К середине дня д'Артаньян, отобрав из своего взвода девятнадцать мушкетеров и кадета де Сен-Севера, поступил в распоряжение маршала д'Эстре. Кадет, вопреки всему, нравился капитану: собранный, ловкий, исполнительный и даже симпатичный внешне, хотя его портил большой, мясистый нос.
Вскоре они выехали из Парижа по старой Компьенской дороге.
Маршал непрерывно чертыхался, а ехавший рядом с ним д'Артаньян с тоской оглядывался назад: там, в первом ряду мушкетеров были Атос и Портос.
— Будь я проклят, если это не очередная мерзкая затея кардинала! — в который раз воскликнул маршал.

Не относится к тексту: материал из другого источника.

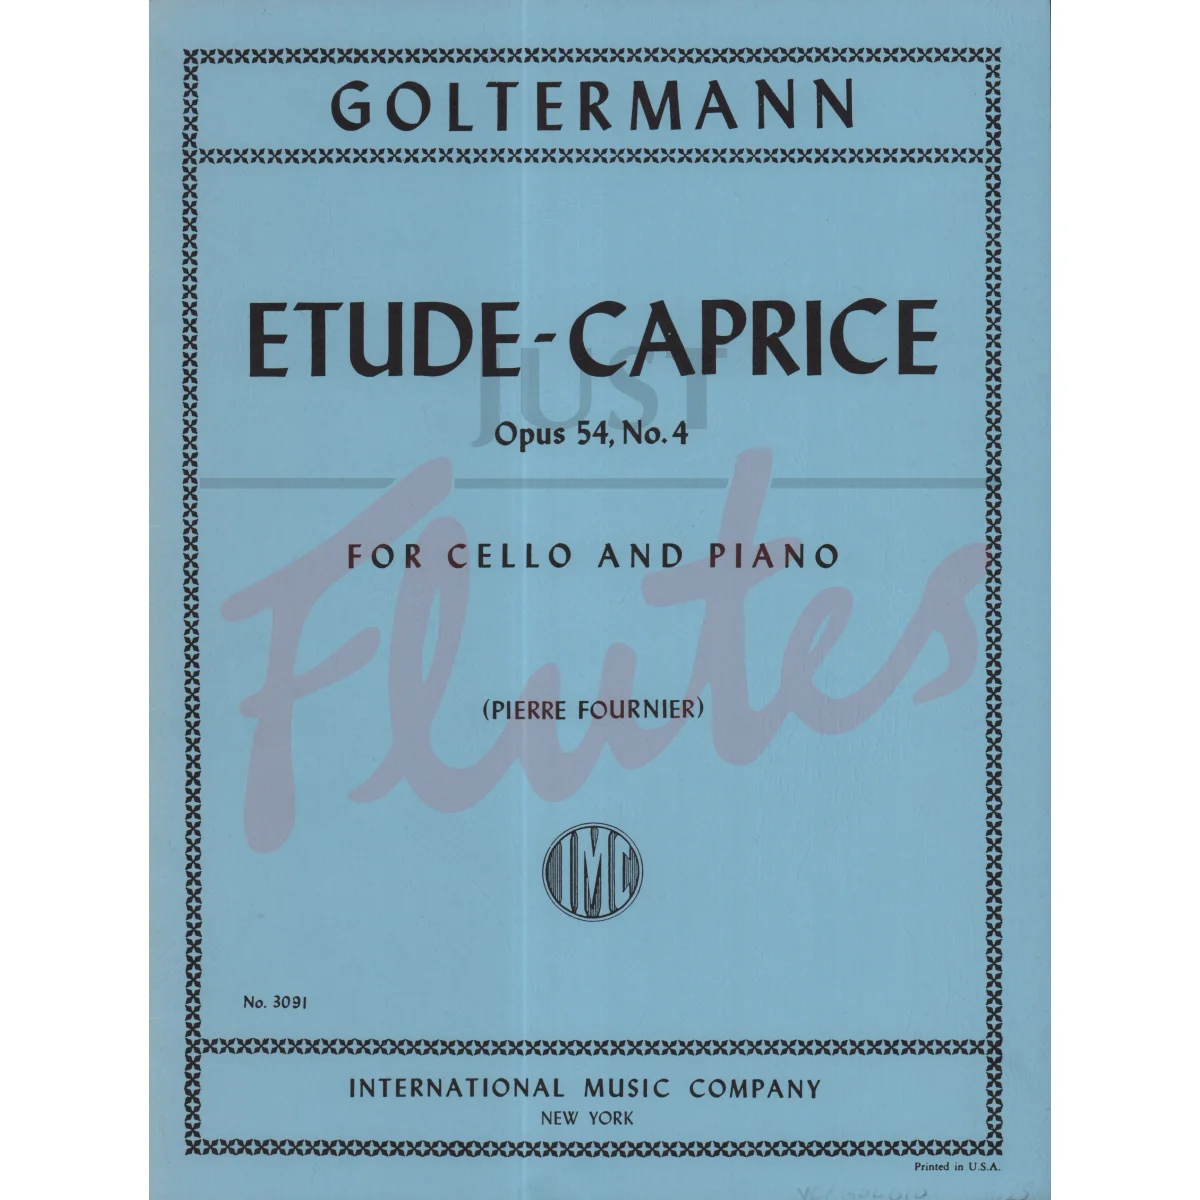 Etude-Caprice for Cello and Piano

— Не сомневаюсь, — согласился д'Артаньян.
— И главное, какое иезуитство: я должен почтительно истребовать письма принца Гастона!
— Я думаю, мой маршал, слово "иезуитство" несколько неуместно по отношению к его высокопреосвященству: кардинал терпеть не может иезуитов, — пробормотал д'Артаньян, чтобы хоть что-нибудь сказать.

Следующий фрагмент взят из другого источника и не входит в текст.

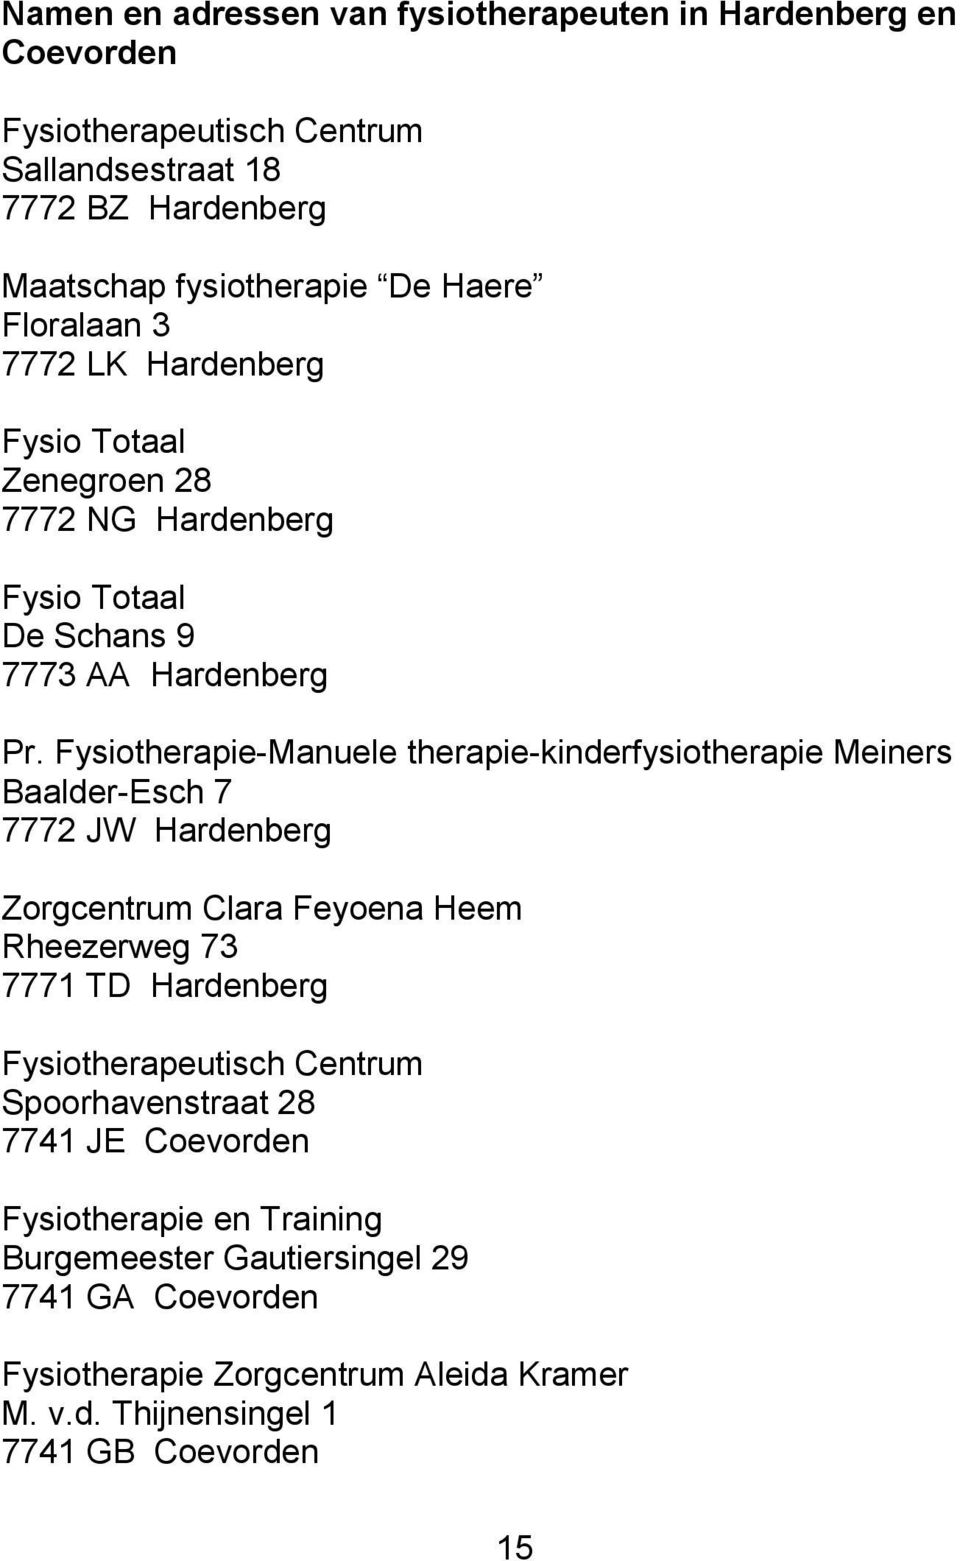 Fysiotherapie-Manuele therapie-kinderfysiotherapie Meiners Baalder-Esch 7 7772 JW Hardenberg Zorgcentrum Clara Feyoena Heem Rheezerweg 73 7771 TD Hardenberg

— Именно иезуитство! И вообще, черт бы их всех побрал! — что значит "почтительно истребовать"?
— Требовать, оставаясь при этом почтительным к ее величеству королеве-матери, — ответил д'Артаньян.

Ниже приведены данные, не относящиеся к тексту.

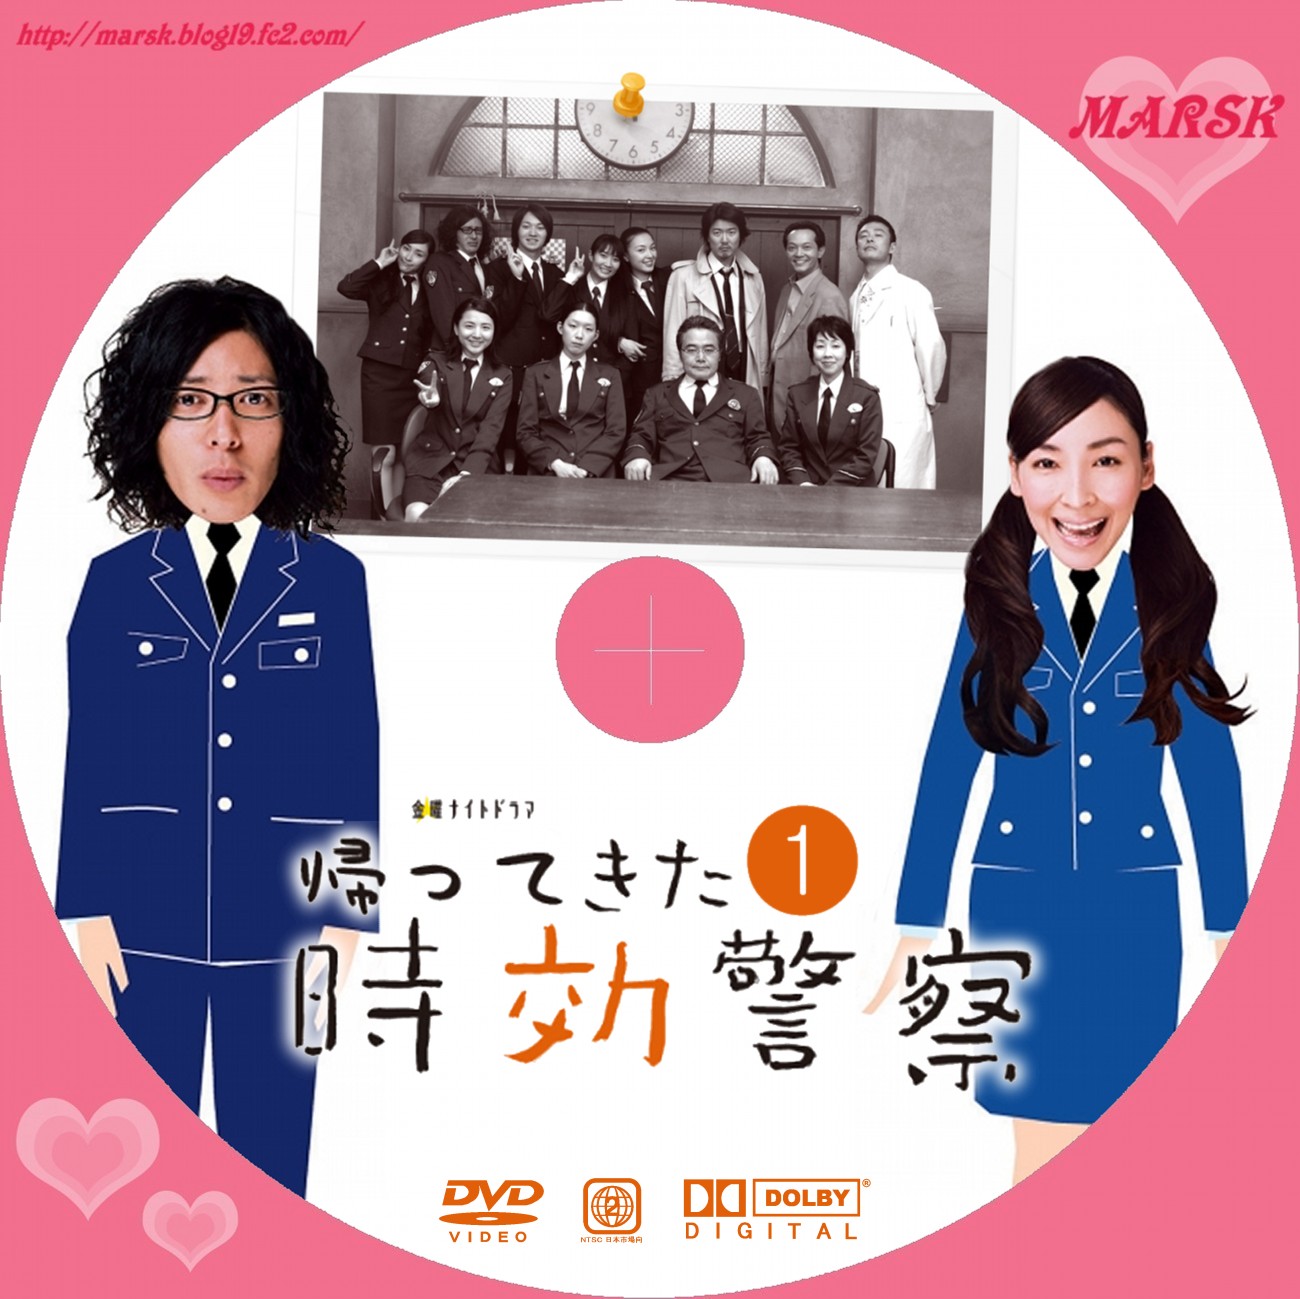 DVD-BOX【時効警察】【帰ってきた時効警察】の+sangishop.com

— Не стройте из себя деревенского дурачка, лейтенант, и не смейте ехидничать!
— Разве я могу себе позволить…
— Вы? Позволить себе? — маршал картинно расхохотался. — Будто я не знаю вас целых пять лет!
Некоторое время они ехали молча.
— Как вы думаете, маршал, — спросил д'Артаньян, — зачем кардиналу письма королевы-матери? Он не настолько наивен, чтобы искать крамолу в тех письмах, которые Медичи сочла возможным не уничтожать.
— Вы сказали "Медичи", опустив и титулы и имя. Не означает ли это, лейтенант, что вы приписываете королеве-матери все те качества, — ум, хитрость изворотливость — которым вот уже два века славятся Медичи, эти невероятно разбогатевшие потомки флорентийских менял?
— Это было бы некоторым преувеличение, мой маршал.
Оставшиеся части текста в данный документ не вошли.